What's the weirdest thing that's ever happened to you, and/or the weirdest place you've ever been?

I visited the island of Delos last year. It is hard to explain how amazingly cool it is: it’s one of the most geologically stable places in the Mediterranean and so, as a result, it became a holy sanctuary and was the reputed birthplace of Apollo and Artemis. The site, which is huge, is filled with numerous temples belonging to the Greeks, the Romans, the Egyptians, my favourite of which was the temple of Dionysus, which featured relief carvings of chickens with entirely phallic heads. I ended up wandering around with my notepad for most of the day, writing roughly a series of passages which eventually became “All My Love, a Fishhook”. But near the museum there was a large forested area that used to be the sacred lake of Zeus, which apparently held the spermatozoa until it was drained on account of the mosquitoes which were breeding there. There were benches set up so I sat down to write. About twenty minutes in, I heard chanting. There were men and women in bright orange robes all around who were getting on with a ritual of some sort—apparently, so the guard at the museum told me, they were cultists and they regularly performed their rites there.

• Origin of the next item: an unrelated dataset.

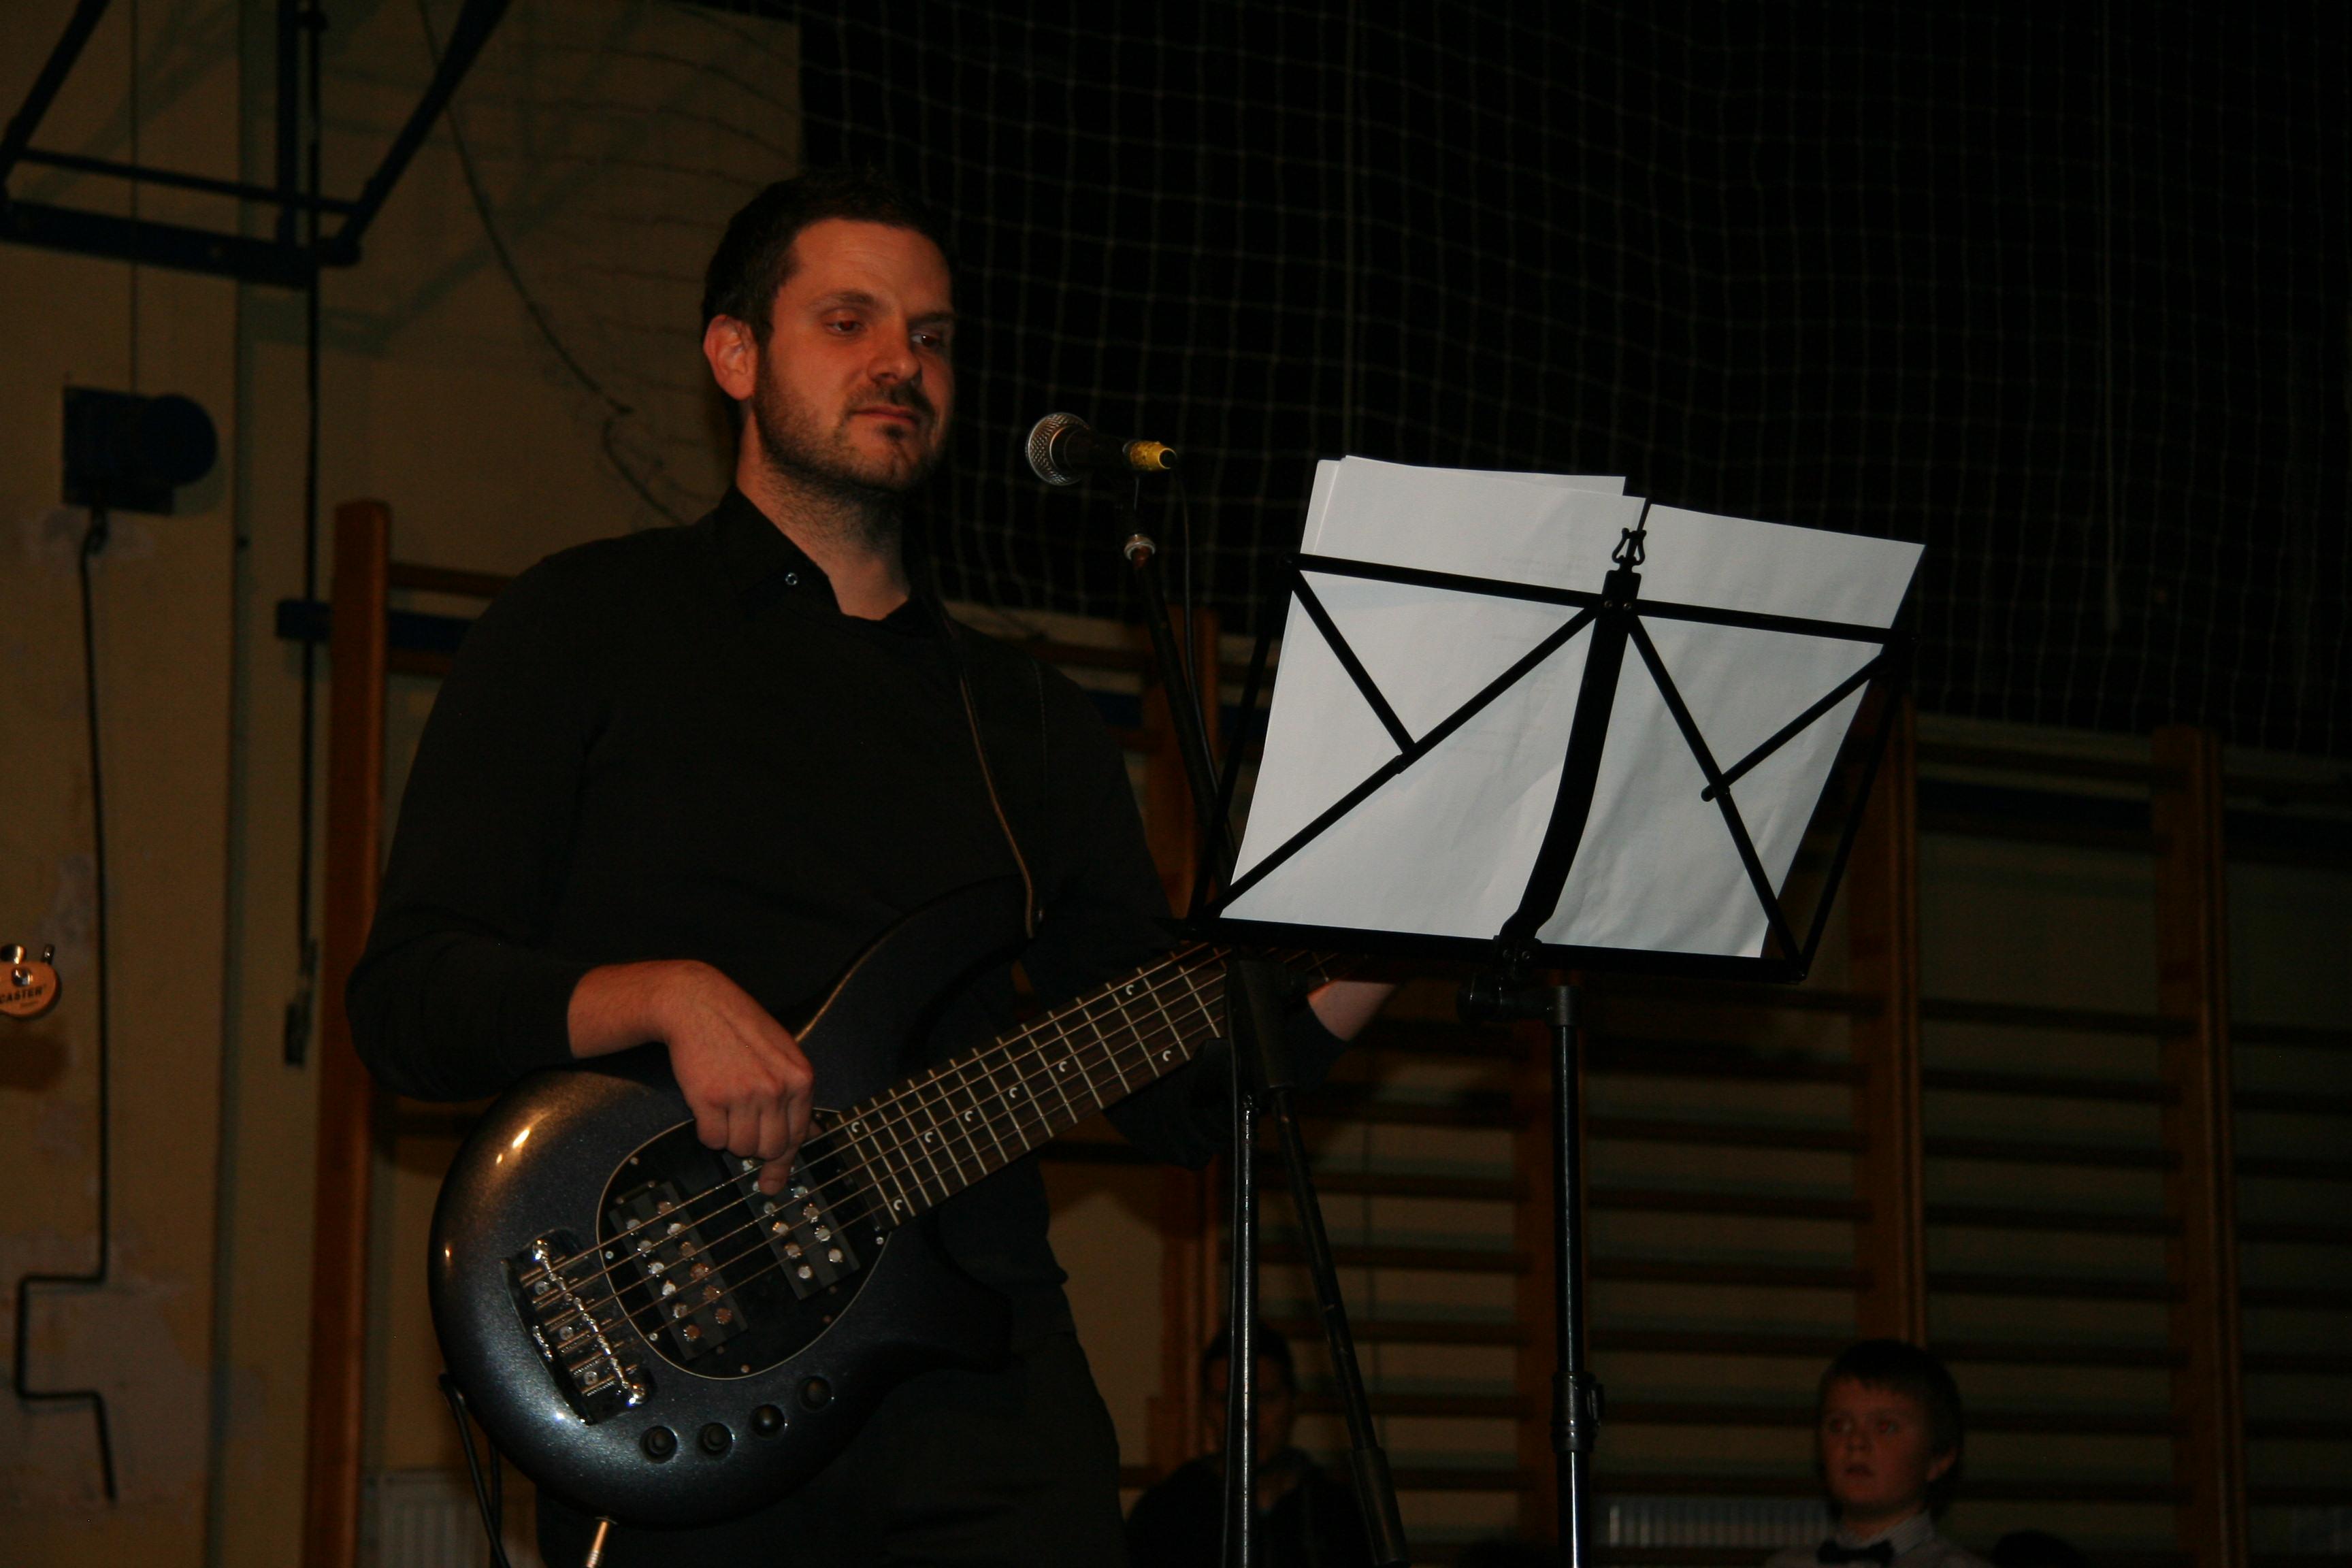 novoletno_humanitarni-koncert-2019-227
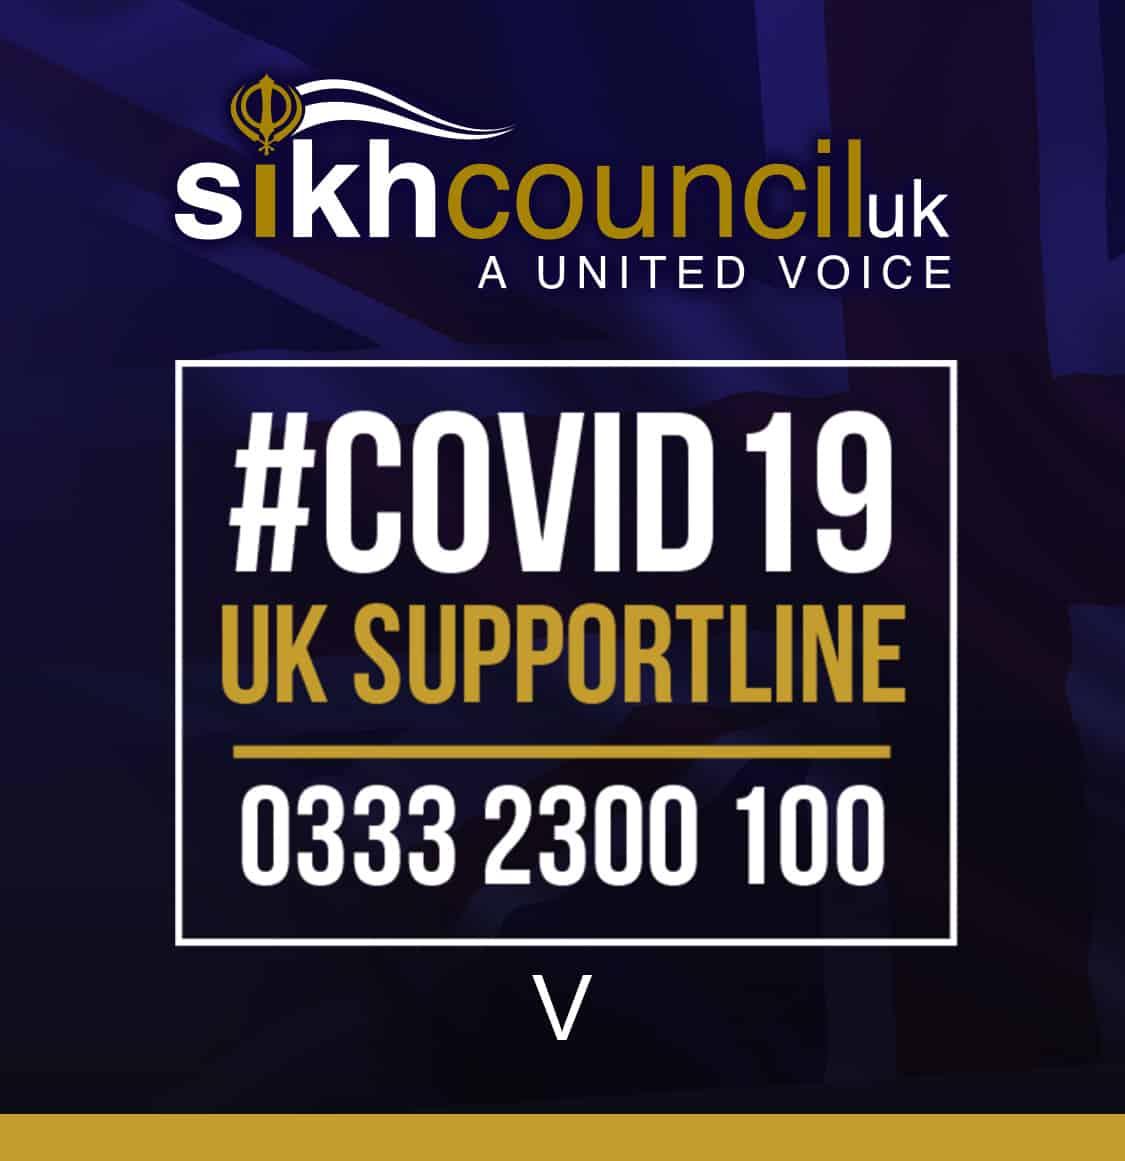 Sikh Council UK Corona Covid 19 Pandemic Support Line Uk

What can readers expect from you in the future?

I have a couple of stories coming out in collections in 2015 including “The Vault of Heaven” in Aickman’s Heirs, edited by Simon Strantzas; “Stud” in Twenty-First Century Bestiary edited by Heather Wood; and a story in Cassilda’s Song, edited by Joe Pulver. I’m also hard at work on a novel called Icarus Kids about children who come back from the dead with wings. I hope to have that finished off in a month or so!